Referring now to FIG. 4, the diameter of each disc electrode 44 ranges in size from 0.2 to 0.5 (preferably 0.35 to 0.45) times the diameter of the inner circumference of tubular electrode 40, with the resulting distance between the outer perimeter 48 of disc electrode 44 and the inner surface of tubular electrode 40 defined as a distance of one electrode gap. The cross-sectional area of disc-like electrode 44 is about 0.04 to 0.25, preferably 0.1 to 0.2, times the inner cross-sectional area of electrode 40 at the location of disc-like electrode 44. The edge radius of disc electrode 44 ranges from 1/20 to 1/128 inches (preferably 1/32 to 1/64 inches). The diameter of support electrode 42 ranges from 0.25 to 0.8, preferably 0.3 to 0.4, times the diameter of disc electrode 44. Any projections or breaks in the surrounding structure capable of emitting an inner corona current is 0.75 times the difference between the inner diameter of tubular electrode 40 and that of disc electrode 44. Although for illustration purposes isolation housing 74 is shown as having a larger diameter than that of tubular electrode 40, the above-described relationships apply as well to the isolation housing 74 and its disc electrode 44. The axial distance between adjacent disc electrodes 44 ranges from one to two electrode gaps, preferably 1.25 to 1.75 electrode gaps.
In a prototype constructed in accordance with the present invention, the length of each of the tubular electrodes 40 was each fifteen inches, and the diameter of each tubular electrode 40 was 1.5 inches. The lower disc-like electrode 44 was positioned approximately six to eight inches below the top edge of the related tubular electrode 40, and the upper disc electrode 44 was positioned three to five inches below the top edge of the tubular electrode 40. In the event that a third disc-like electrode 44 would be added, this would be positioned approximately an inch from the top of the tubular electrode 40.
To describe the operation of the present invention, let us first review generally how a fire would be lit in the stove 10, and how this burning fire might progress through an entire 24 hour period. After that, the operation of the apparatus 10 in conjunction with the operation of the stove 14 will be discussed in more detail.
It can be assumed that the apparatus 10 is installed in the flue 12 of the wood stove 14, as shown in FIG. 1. The fire is started in the stove 14 in the usual manner, such as by placing crumpled paper or other fire starter in the bottom part of the firebox 16, piling kindling on top of the paper, and then placing several relatively dry logs or split dry logs on top of the kindling. To start the fire, the air vent device 20 will normally be in a full open position. In the first several minutes, the kindling will quickly ignite, and in turn heat the logs, with the exposed surfaces of the logs eventually beginning to burn. Moisture is driven from the logs, and after a short period of time, some of the volatiles in the logs (and, also volatiles in the kindling) begin to pass upwardly in the firebox 16 and into the flue 12. During this startup period, the gaseous effluent is often clearly visible as smoke and contains a relatively high percentage of unburned hydrocarbons. Further, some of the evaporated moisture begins to condense as the gaseous effluent flows upwardly in the flue 12.

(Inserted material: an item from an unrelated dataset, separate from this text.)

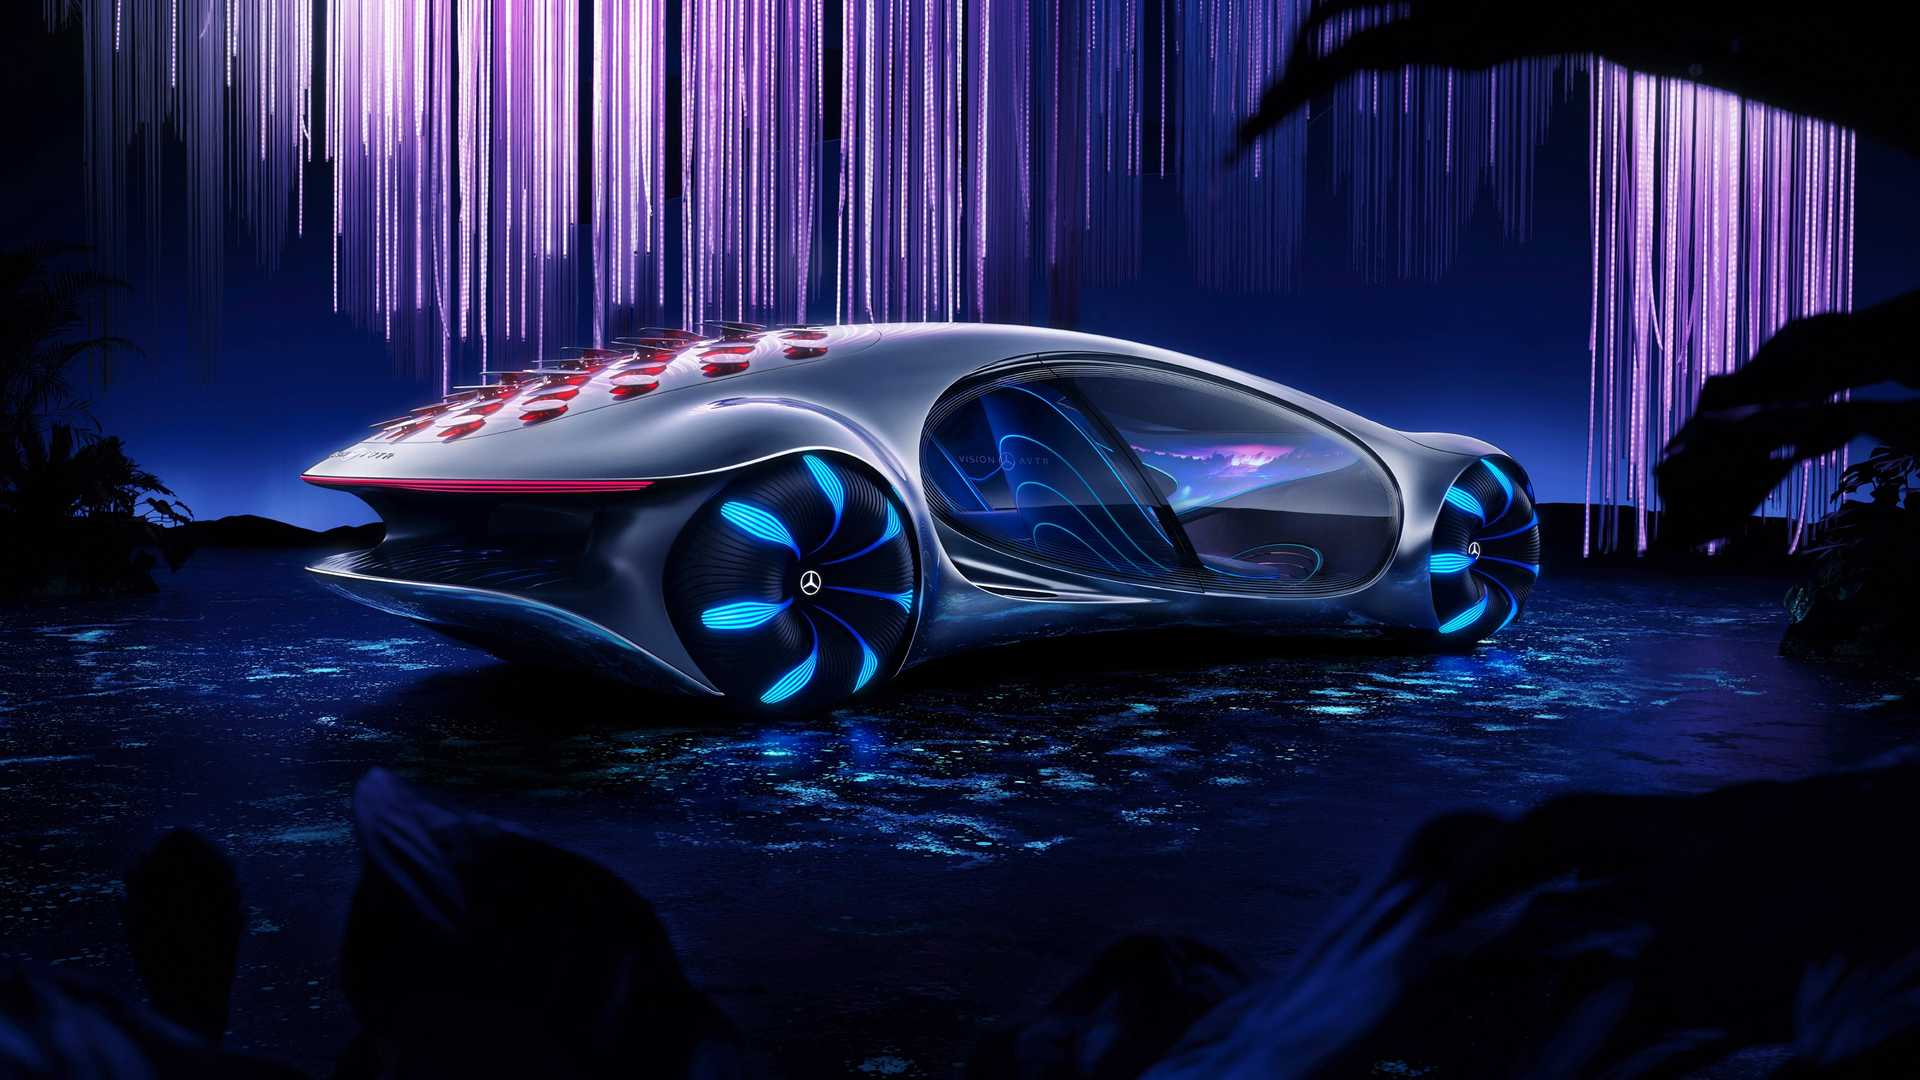 download 2020 CES Mercedes Benz Showcases Their Concept 1920x1080

After a period of time, the logs begin to burn more vigorously, and the temperature in the firebox 16 rises. On the assumption that the wood being burned is relatively dry (which as indicated previously means that the wood may still contain as much as 20% moisture by weight), the fire will generally begin to burn somewhat more cleanly, and the smoke of the gaseous effluent becomes less visible. Quite likely the temperature of the gaseous effluent passing out the chimney will become greater, but unfortunately the heat contained in this higher temperature effluent represents a certain percentage of lost heat that is "going up the chimney".
Quite commonly the stove 14 will burn at a higher temperature until the room is brought to a desired temperature, after which the vent 20 is closed down to limit the combustion to a level where the heat generated in the firebox 16 is adequate to keep the room at a reasonable temperature. By so limiting the inflow of air for combustion, it commonly happens that the gaseous effluent will become more "smoky", and the temperature of the effluent passing through the flue or chimney will decline. As indicated previously, this represents an inefficiency in that there is likely a greater percentage of the volatiles which do not undergo combustion, and also creates the problem of these volatiles condensing on the flue or chimney in the form of creosote.
If the fire continues to burn throughout the day, when the person tending the stove retires for an evening's sleep, the person will commonly stack up wood in the firebox 16 to the highest level and close the vent 20 so that very little combustion air is permitted to enter into the firebox 16. The purpose of this is to enable the stove to generate at least a certain amount of heat through the night hours, and also, hopefully, to have wood still burning in the stove 14 in the morning, so that additional wood can be placed on the fire to be ignited, thus eliminating the bother of starting the fire from scratch. It is during these night hours that the smoke can be particularly polluting, and the deposit of creosote on the inside surface of the flue or chimney more severe. Further, it can sometimes happen that the person will replenish the fire in the morning by stacking the firebox 16 full of wood, and then turn the vent 20 to the full open position. The fire then begins burning very briskly, and the temperature in the flue rises to possibly several hundred degrees. As indicated previously, this can sometimes ignite the deposited creosote and cause a chimney fire.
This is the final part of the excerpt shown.